Requests to the toponymic commission have skyrocketed since the Russian invasion. “After Maidan we started the process, but the population was not ready for a massive derussification. The invasion has changed everything. 77% of Ukrainians are today in favor. This does not mean that those who had pro-Russian sentiments and a Russian identity before the war have suddenly become Ukrainian nationalists. But a majority has changed its mind about Russia,” he says.

Martinenko believes that derussification must have a limit. "We must not erase, as the radicals claim, anyone for the simple fact of having a Russian ethnic origin," he warns. The commission, for example, has kept Tchaikovsky on the street or Mendeleev, the chemist who invented the periodic table, considering that they are Russians of universal fame. He has also refused to erase Nikolai Leskov, a Russian writer who lived much of his life in Kyiv and set his novels in the city. “Ukrainian national identity has never had an ethnic basis. That is why we have a Jewish president, who also speaks Russian at home”, he affirms.

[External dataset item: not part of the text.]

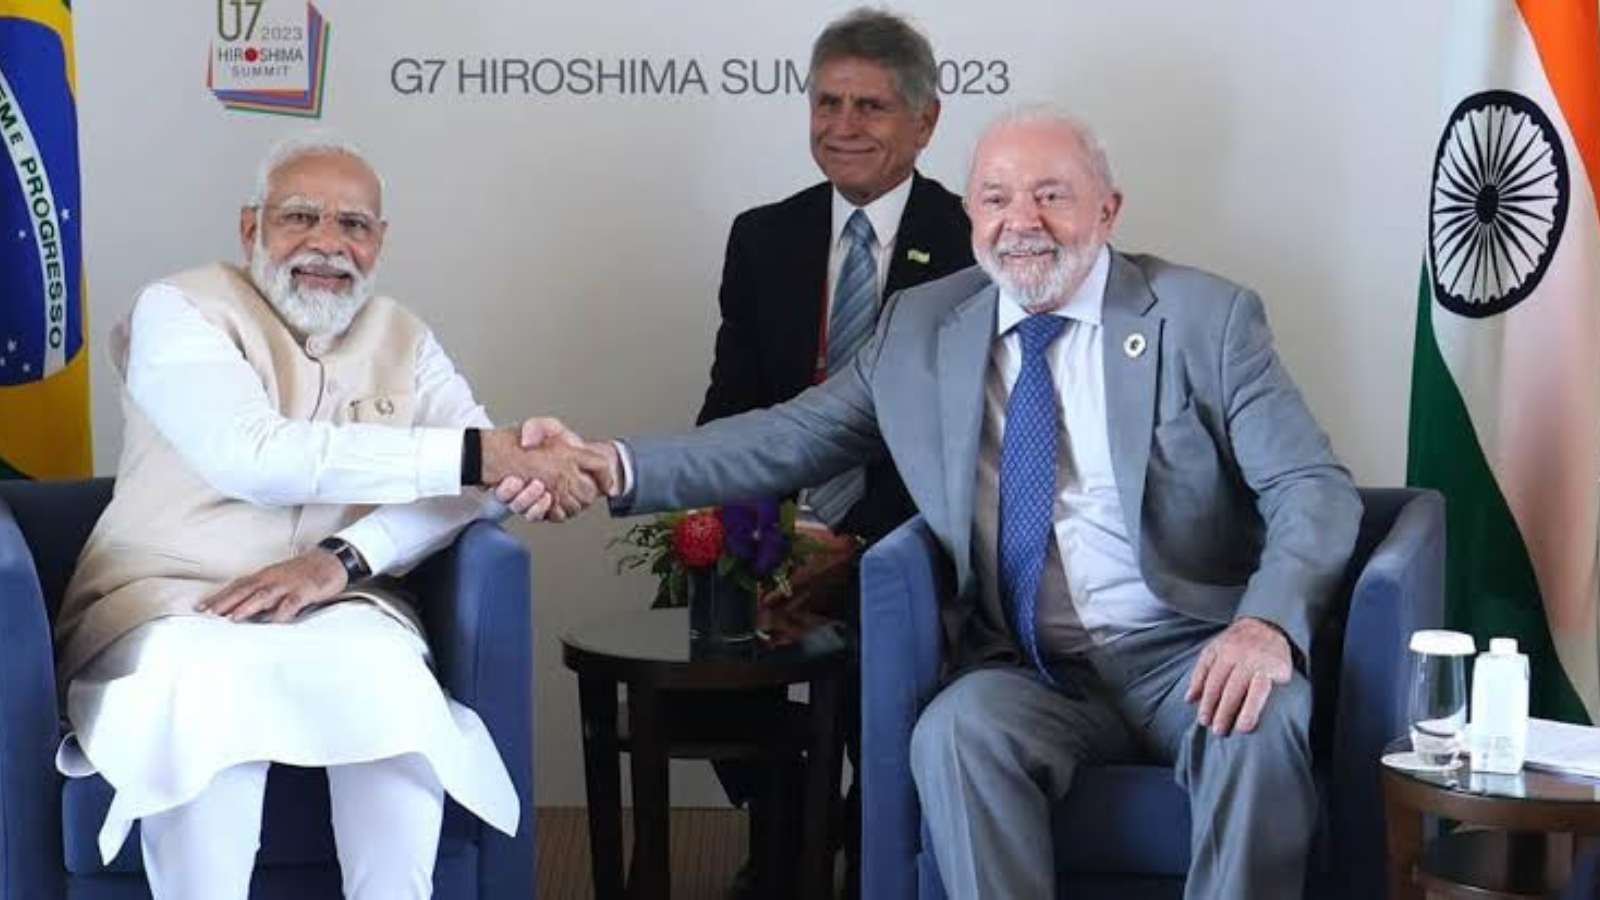 Brazil Partnership with India: All You Need To Know About G20 Summit Discussion

Derussification reaches the most intimate corners: in the thousands of Ukrainians – especially young people – who have stopped speaking in the language of the invader, even if it is their own. On the day of the invasion, Andri Udovichenko made the decision. “I uninstalled the Russian language from my computer keyboard and told my parents that I would only address them in Ukrainian now,” explains this lawyer, who was born into a Russophone family from Kharkiv.

Andri has gone through the Ukrainian courses organized in Kyiv by the actress and singer Marichka Shtirbulova. “Many want to speak Ukrainian, but it is difficult for them because they have always spoken in Russian. It is the result of centuries of Russian domination. With the invasion, many people have seen that the Russian occupation is not only territorial, the cultural one is much stronger”, reflects the actress.

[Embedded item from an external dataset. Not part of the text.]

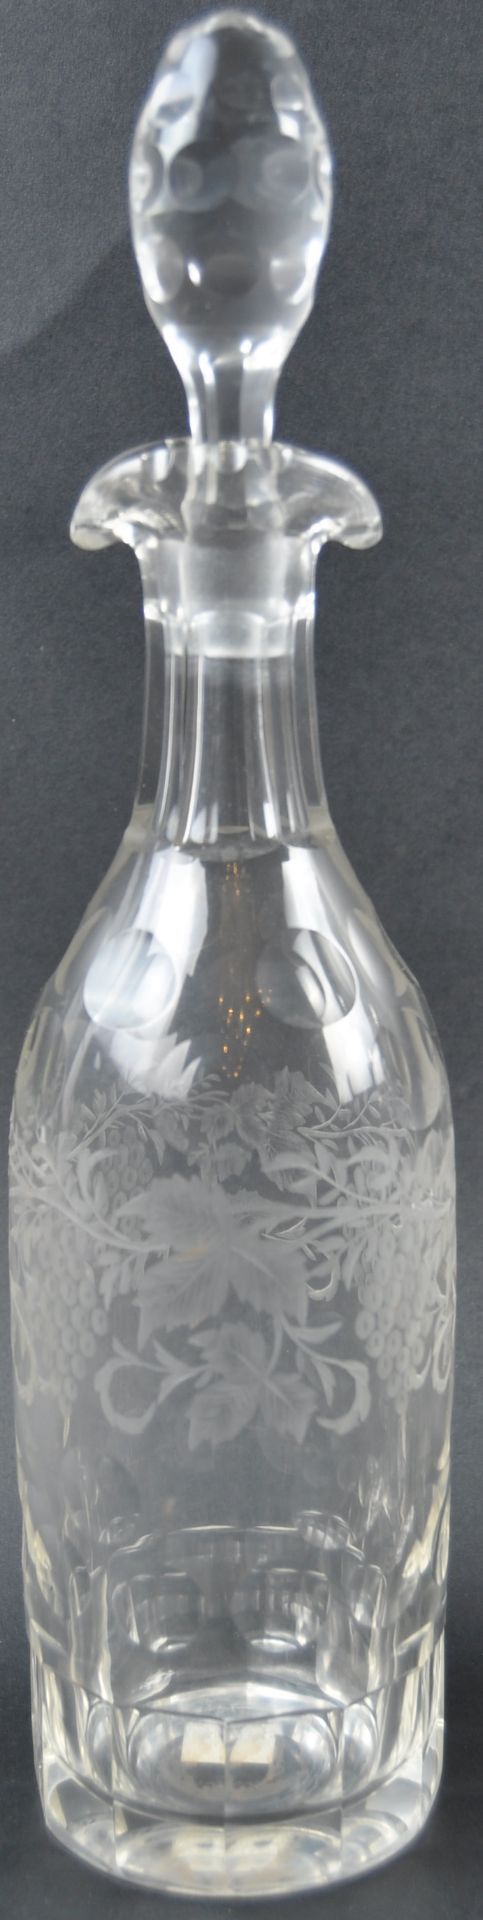 19TH CENTURY ETCHED GLASS DRINKS DECANTERS & GLASSES - Image 4 of 5

Born into a bilingual family in Kyiv, it was at the age of 17 that she decided to switch to Ukrainian. "I started to get seriously into folk music and saw that it was a big contradiction if I then lived in Russian," she recalls. “I am not happy that I know how to speak Russian. I don't even put it on my resume. Now that Russia is killing us, I guess it's better understood."

Shtirbulova is now performing a Ukrainian classic at the National Drama Theater. She has had a hard time getting back on stage. “Art has always been for me an instrument of dialogue, of change. But when the war broke out, for the first time in my life I felt that art was useless. When you're up against evil, real violence, there's no room for art. Only weapons work. The first month I thought I would never act again. Then, little by little, I began to understand that singing and acting make me useful. But I still think about leaving everything and going to fight, ”she admits.

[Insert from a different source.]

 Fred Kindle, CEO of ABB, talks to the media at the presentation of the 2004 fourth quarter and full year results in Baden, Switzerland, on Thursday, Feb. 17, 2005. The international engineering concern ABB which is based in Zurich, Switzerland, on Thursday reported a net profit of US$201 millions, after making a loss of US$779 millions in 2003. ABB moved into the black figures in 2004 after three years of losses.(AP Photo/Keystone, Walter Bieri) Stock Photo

Nana Garsevanishvili, who at the age of 24 directs her first documentary, the story of a teenager from Donbass, is trying to leave Russian like someone leaving a boyfriend she is in love with but knows is not for her. “Many friends stopped speaking Russian eight years ago when the war started in Donbass. I have been one of those who have continued with Russian. Because I love this language. Not the Russian of Russia, but the Russian of Kyiv. But I know that if I speak this language it is because Russia has always tried to cancel Ukraine, to deny our existence as a different country and culture.”

The tear is deep. “I was very into Russian counterculture,” she explains. He used to say that culture is not politics. What a bullshit. After we were invaded, my heart sank with the reaction of all those Russian artists. I have been so wrong these years, by ignoring what was happening in Donbass, by passing from politics”.

Nana looks down and says, almost whispering: "I was never against Russia and it was a huge mistake."